What this task involves. Below is a listing to repeat exactly, with its pictures left out.

── Supplied information

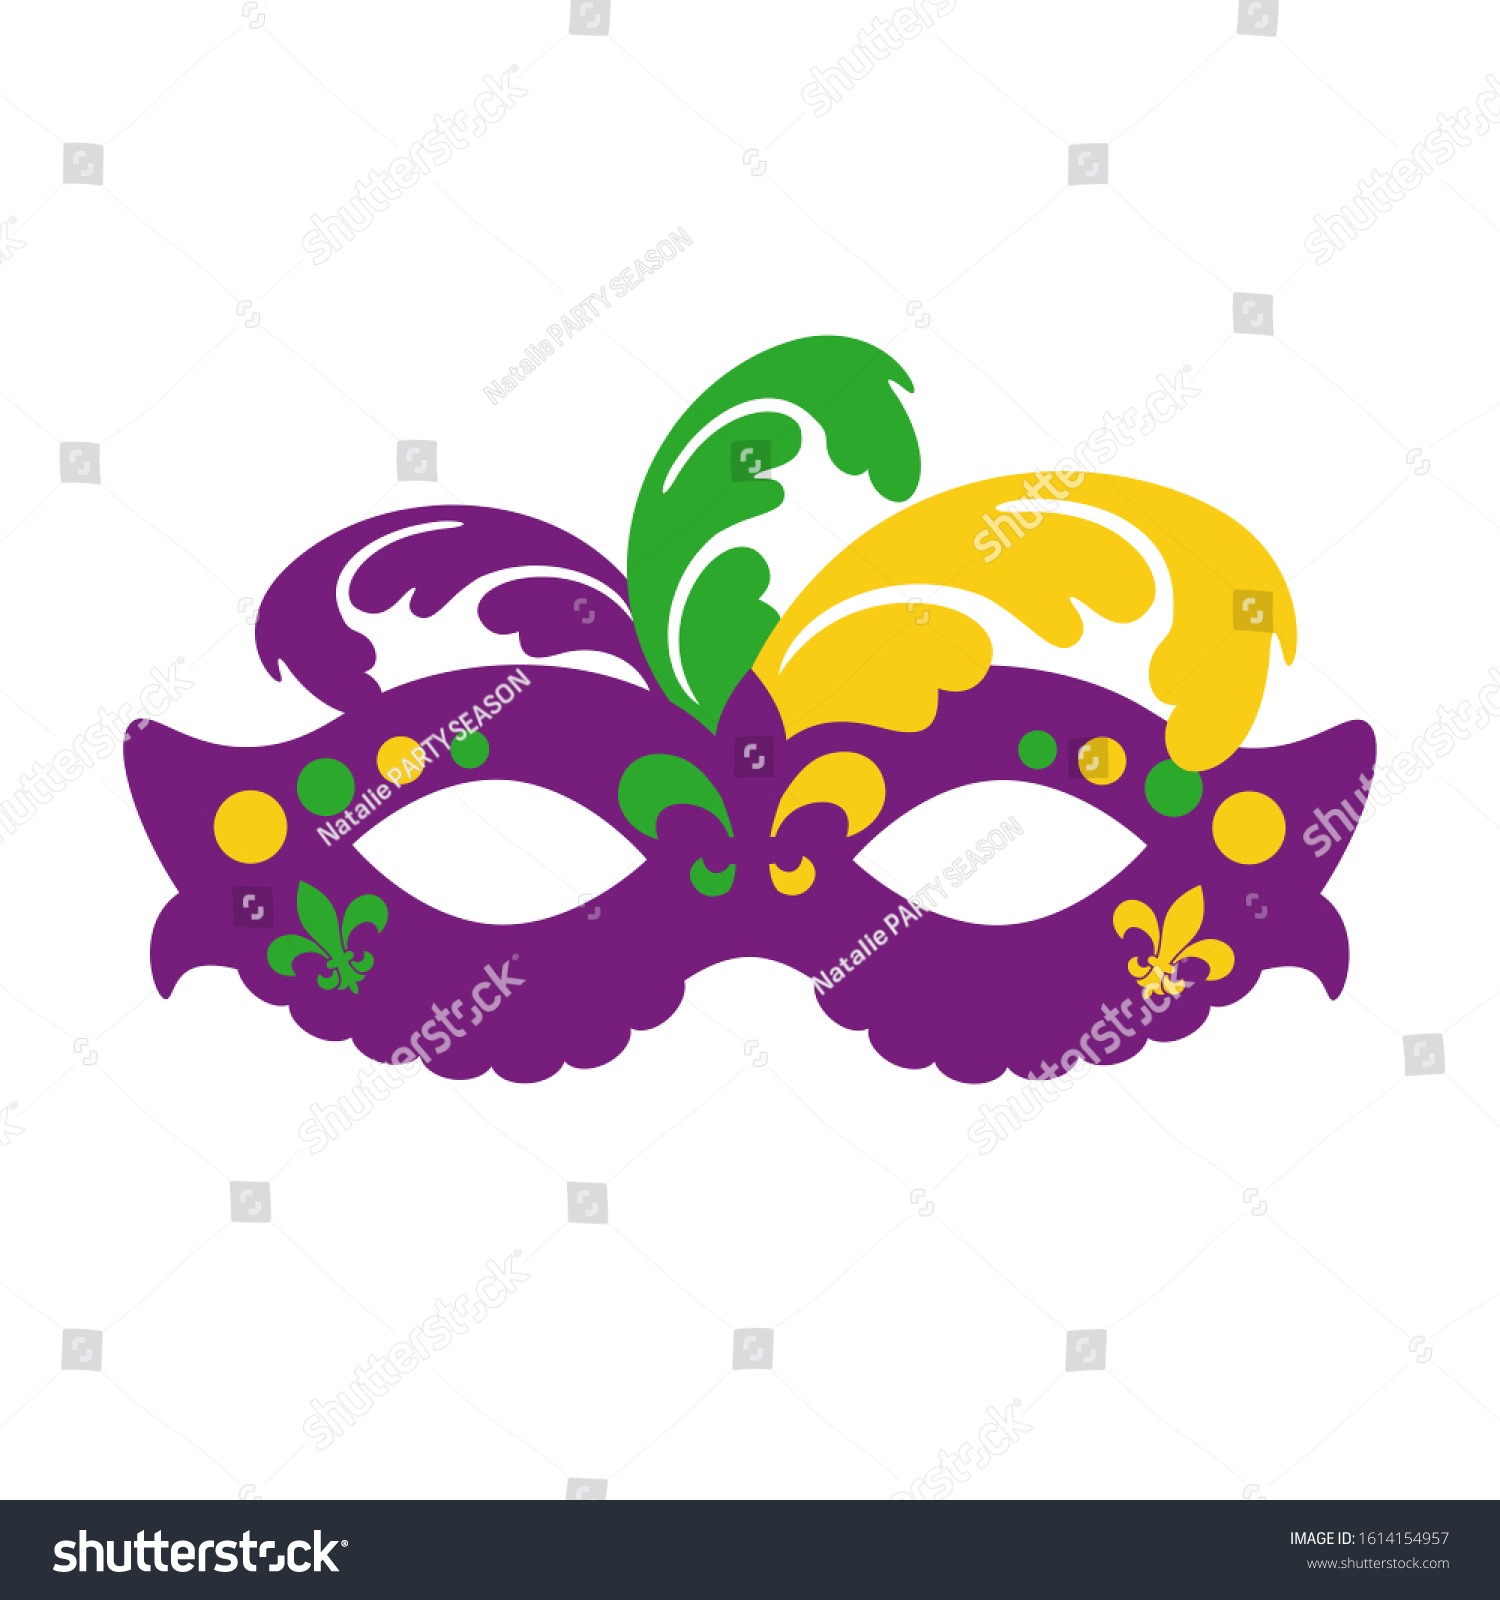 Download Mask Mardi Gras Svg Clipart Fat Stock Vector Royalty Free 1614154957
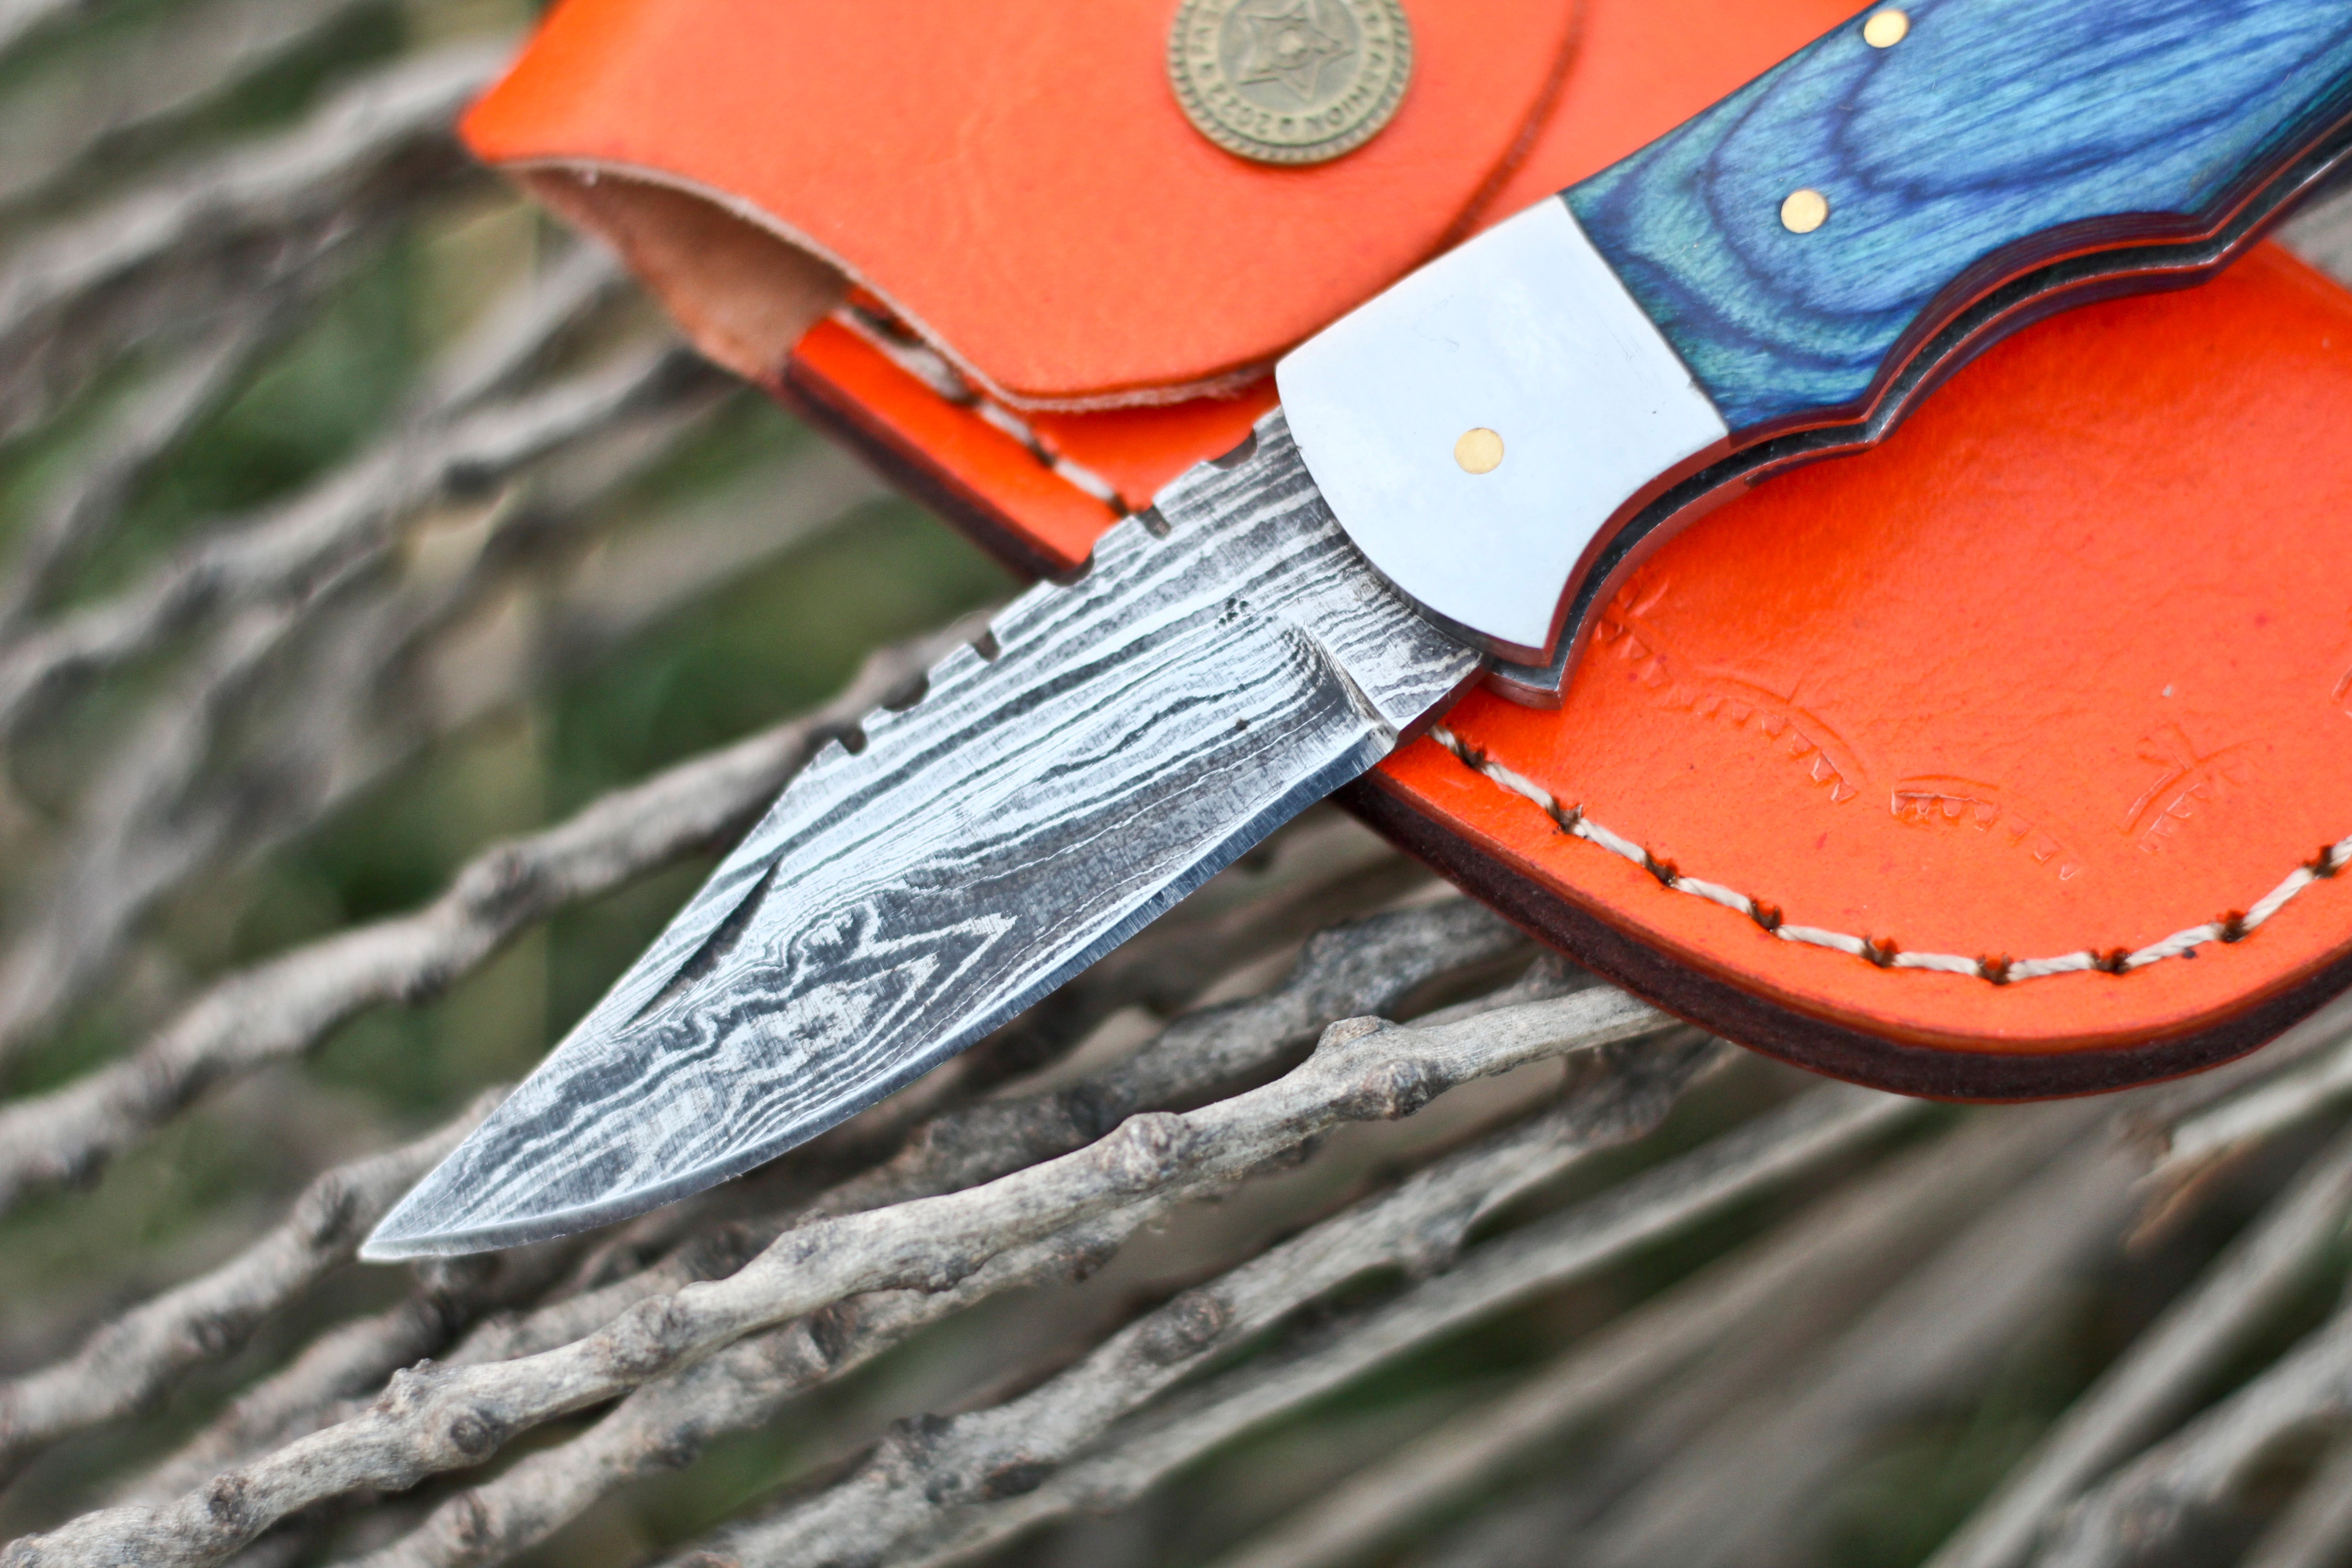 <h3>Handmade Damascus Steel Hunting Folding Knife with Pocket Clip - Camping Folding Blade With Wood Handle</h3>
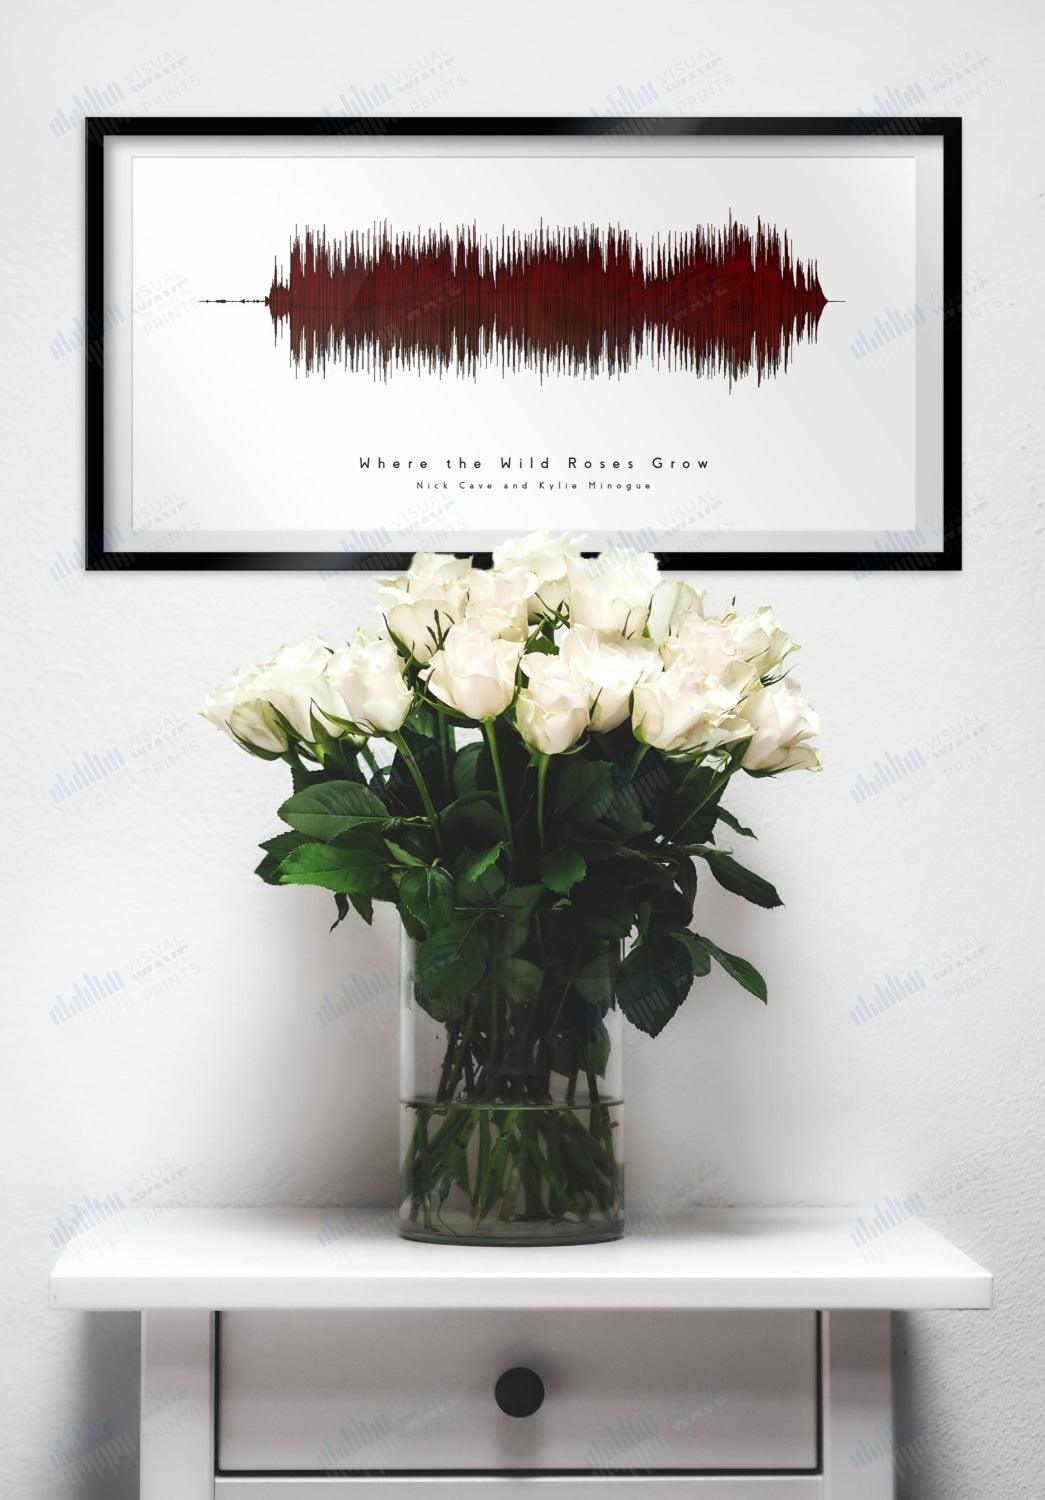 Where the Wild Roses Grow by Nick Cave and Kylie Minogue - Visual Wave Prints

────

Answer to the exercise.
 Download Mask Mardi Gras Svg Clipart Fat Stock Vector Royalty Free 1614154957
 <h3>Handmade Damascus Steel Hunting Folding Knife with Pocket Clip - Camping Folding Blade With Wood Handle</h3>
 Where the Wild Roses Grow by Nick Cave and Kylie Minogue - Visual Wave Prints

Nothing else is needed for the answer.